Work request: Repeat exactly the lines below from the line that contains "Absolutely Insane Emilio" to the last line, inclusive, without the pictures.

══ Extracted entries

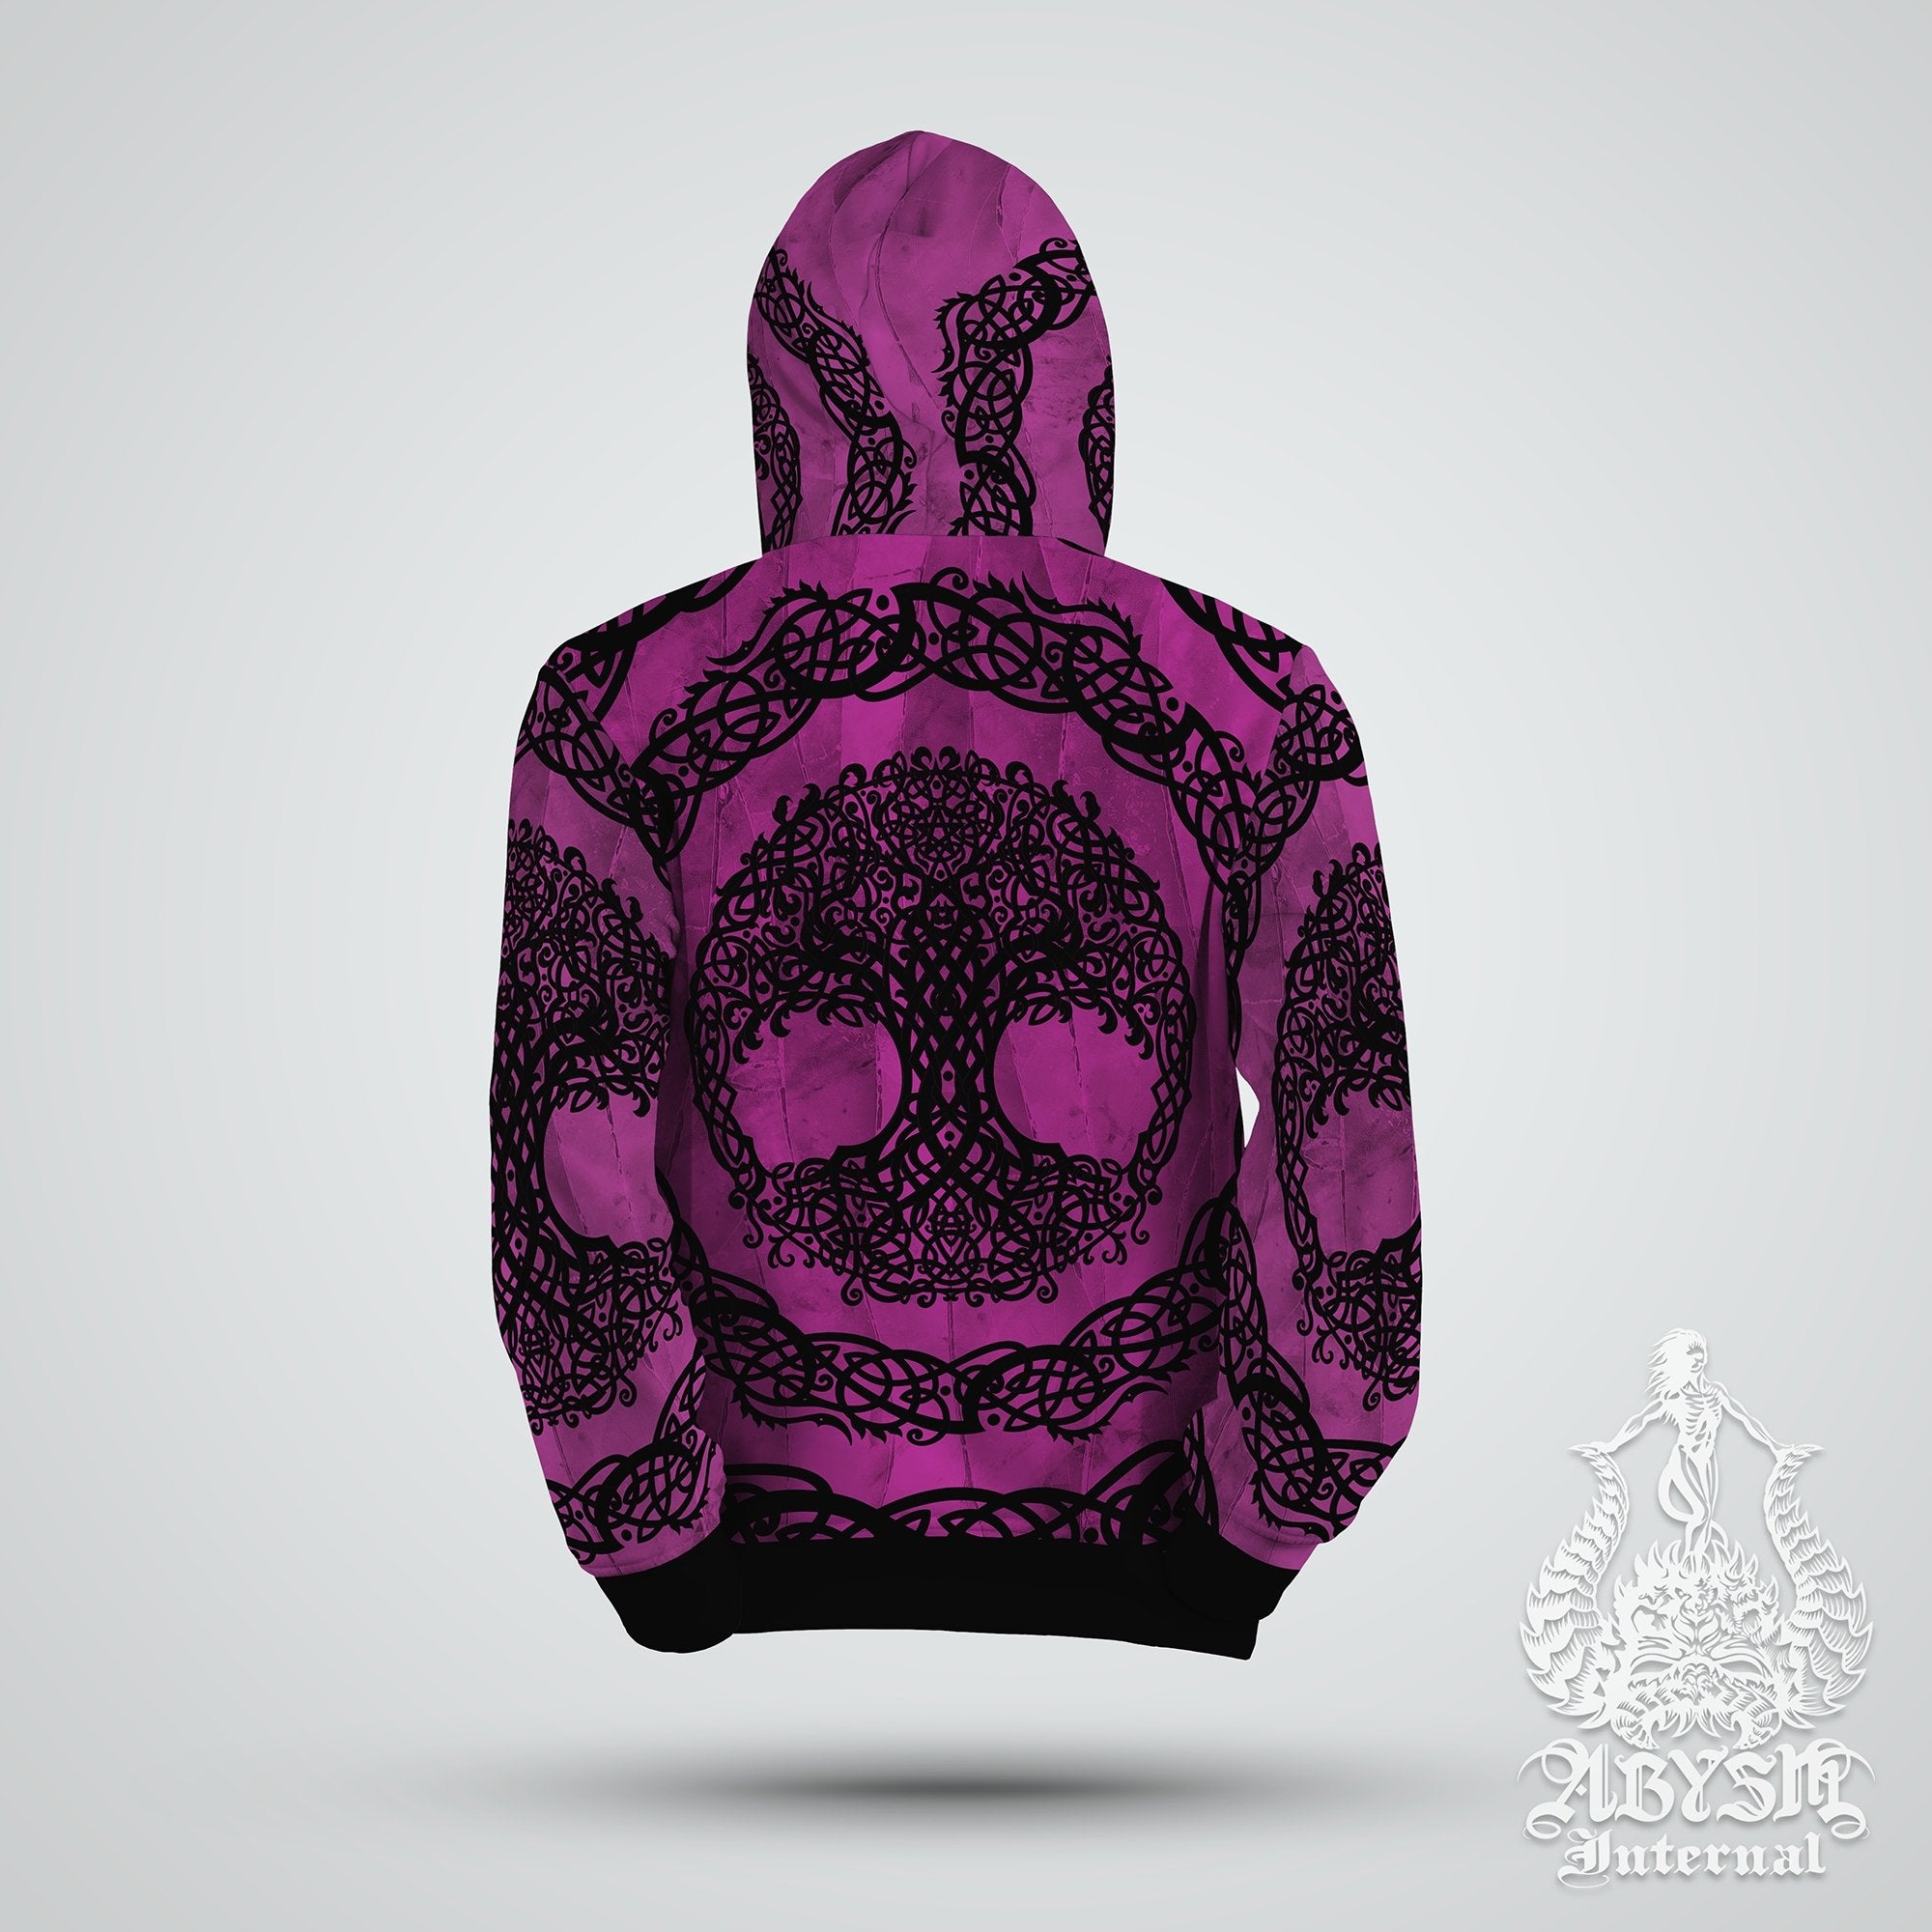 Witchy Hoodie, Wicca Streetwear, Witch Outfit, Pagan Alternative Clothing, Unisex - Pink and Black, Celtic Tree of Life - Abysm Internal
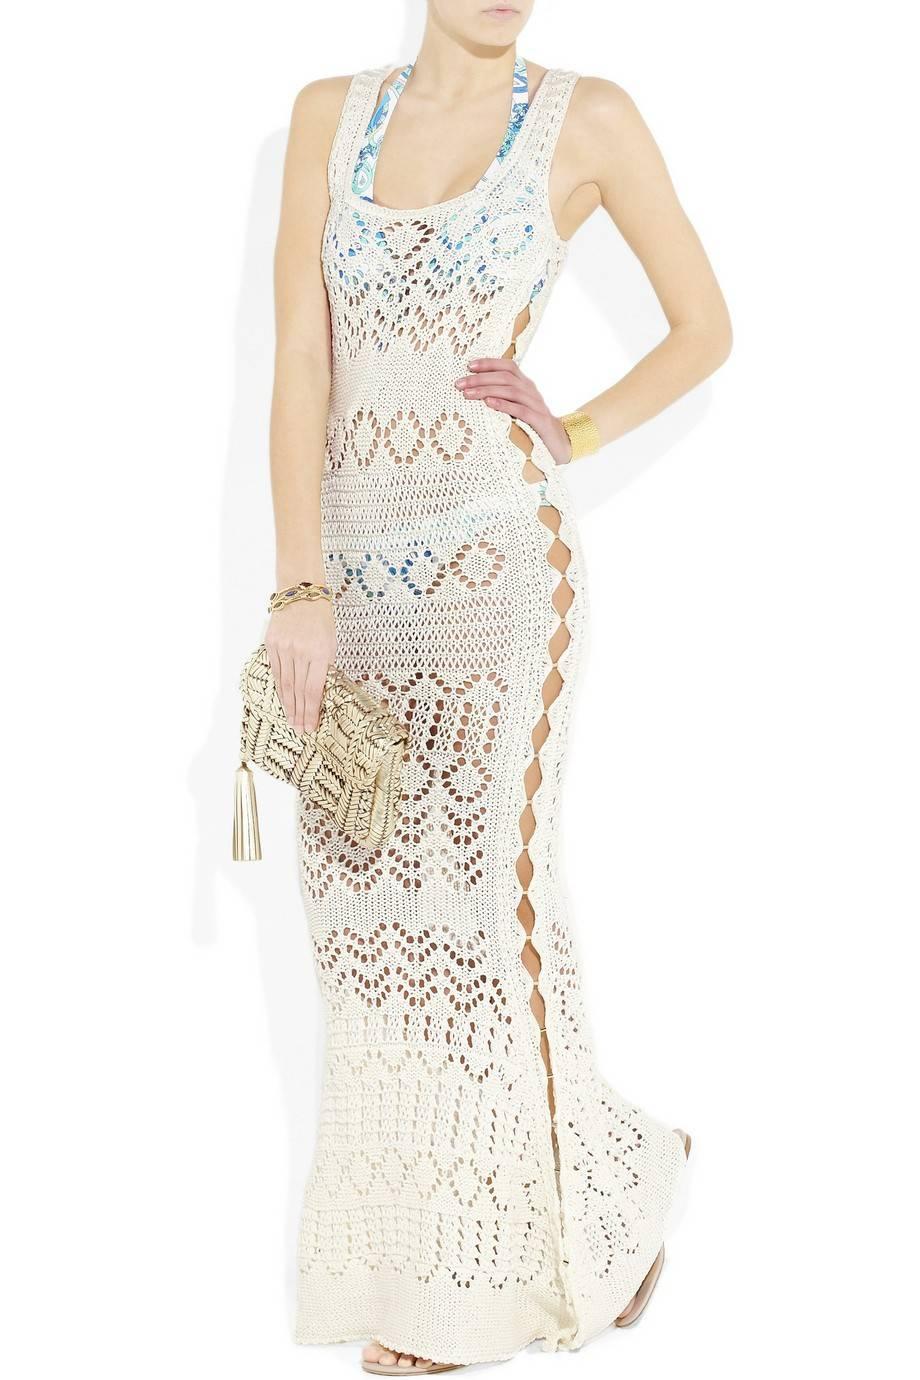 Absolutely Insane Emilio Pucci White Crochet Knit Cutout Gown  
Designed By Peter Dundas  
SS 2011 collection
Sold Out Immediately   

Details:
Exclusive and gorgeous EMILIO PUCCI crochet knit gown
Sexy cutout details
Sleeveless
Off-white

════

Task answer:
 Absolutely Insane Emilio Pucci White Crochet Knit Cutout Gown  
Designed By Peter Dundas  
SS 2011 collection
Sold Out Immediately   

Details:
Exclusive and gorgeous EMILIO PUCCI crochet knit gown
Sexy cutout details
Sleeveless
Off-white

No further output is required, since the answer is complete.